Ketika Jasmina memasuki kamar yang berukuran 30 meter persegi itu, ia begitu terkesima. Interior serba kayu hitam, di padukan dengan sofa putih, seprei putih, gorden putih membuat suasana begitu eksotis. Jasmina berjalan melintasi ranjang super besar yang terlihat begitu empuk, menuju balkon yang luas. Ketika ia membuka pintu menuju balkon itu, sebuah bak mandi berukuran 2 x 2 meter terlihat begitu menggoda. Dengan kursi-kursi kayu, lampu-lampu yang bergelantungan, dan belasan pot tanaman berjejer rapi untuk menjaga privasi sang tamu. Semua membuat suasana begitu romantis, terutama pada malam hari.

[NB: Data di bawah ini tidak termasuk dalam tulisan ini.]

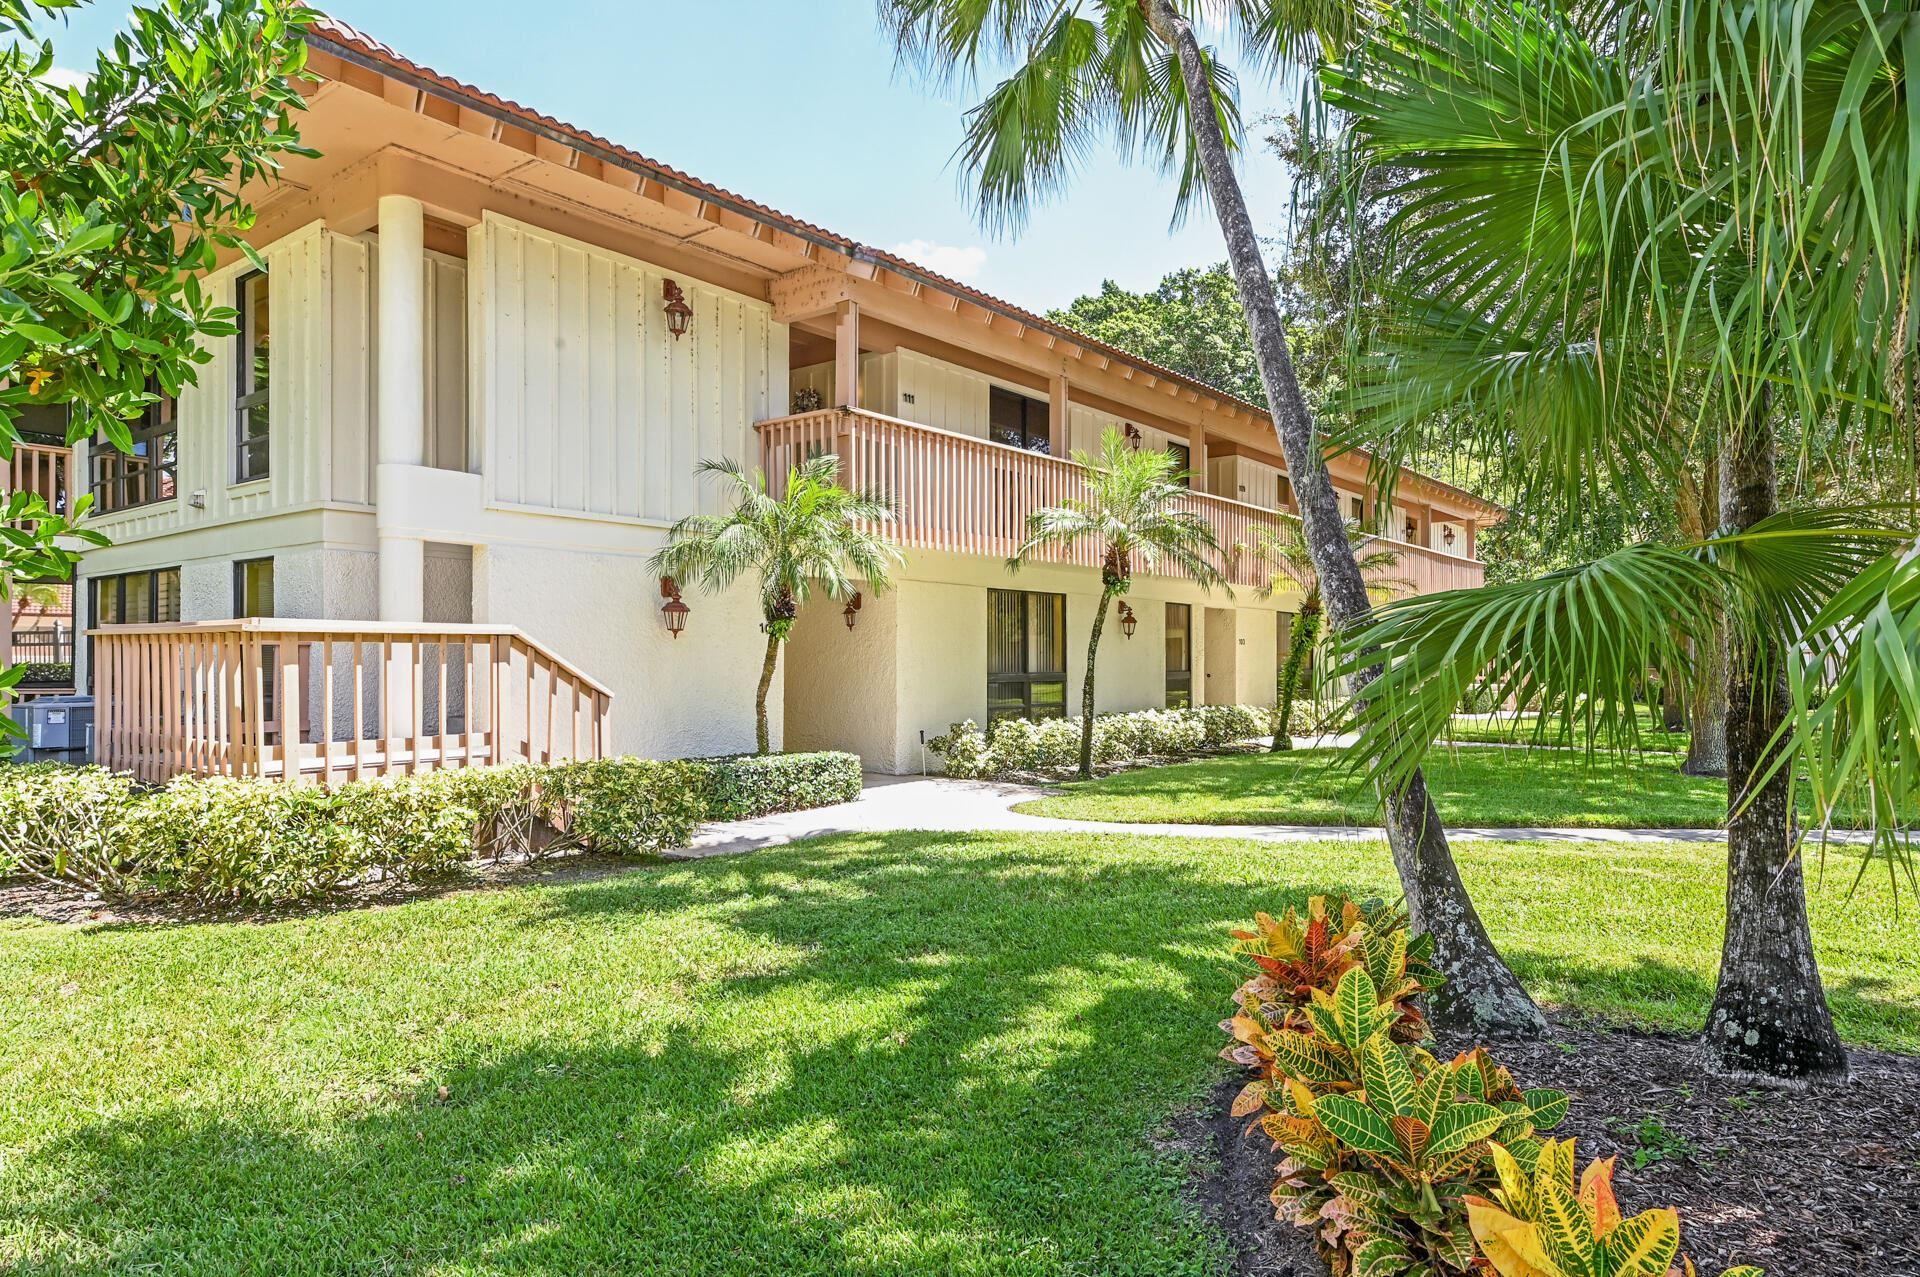 Photo of 111 Brackenwood Road, Palm Beach Gardens, FL 33418 (MLS # RX-10745871)

"Kamu suka?", tanya Devon sambil memeluk pinggang Jasmina dari belakang. Jasmina terkejut dan badannya menegang. Jasmina masih murka. Sejak pesawat lepas landas, Jasmina menidurkan dirinya sepanjang perjalanan. Ketika mereka sampai di Bali pun, Jasmina masih juga menidurkan dirinya sampai mereka tiba di hotel. Sekarang ia sedang mencari akal agar ia tidak harus berkomunikasi dengan Devon dalam bentuk APAPUN malam ini.

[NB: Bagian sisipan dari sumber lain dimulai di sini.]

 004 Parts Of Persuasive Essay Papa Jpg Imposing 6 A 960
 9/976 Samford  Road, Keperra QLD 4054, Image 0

"Aku masih capek dan ngantuk. Bisa gak kita malam ini hanyak tidur saja?", tanya Jasmina dingin, tanpa ada usaha untuk membalikkan badannya menatap suaminya. Devon serta-merta melepaskan pelukannya di Jasmina secara lembut dan perlahan. Ada apa dengan istrinya itu?
"Bisa donk sayang, tapi kamu mending mandi dulu pake air hangat ya, atau kamu mau berendam disini? Kata si bell boy, mereka udah siapin air hangat yang bersih sebelum kita tiba. Bahkan tuh, di bak mereka taburin kelopak-kelopak mawar. Romantis banget ya...", jelas Devon sambil menunjuk bak mandi. Jasmina tidak bergeming. Kalau ia belum melihat 4 foto itu, ia mungkin sudah akan terjun ke dalam kolam tersebut bergelung bersama Devon, mungkin. Tapi tidak kali ini, Ia tidak mau bereaksi. Devon membalikkan tubuh sang istri agar menatap wajahnya.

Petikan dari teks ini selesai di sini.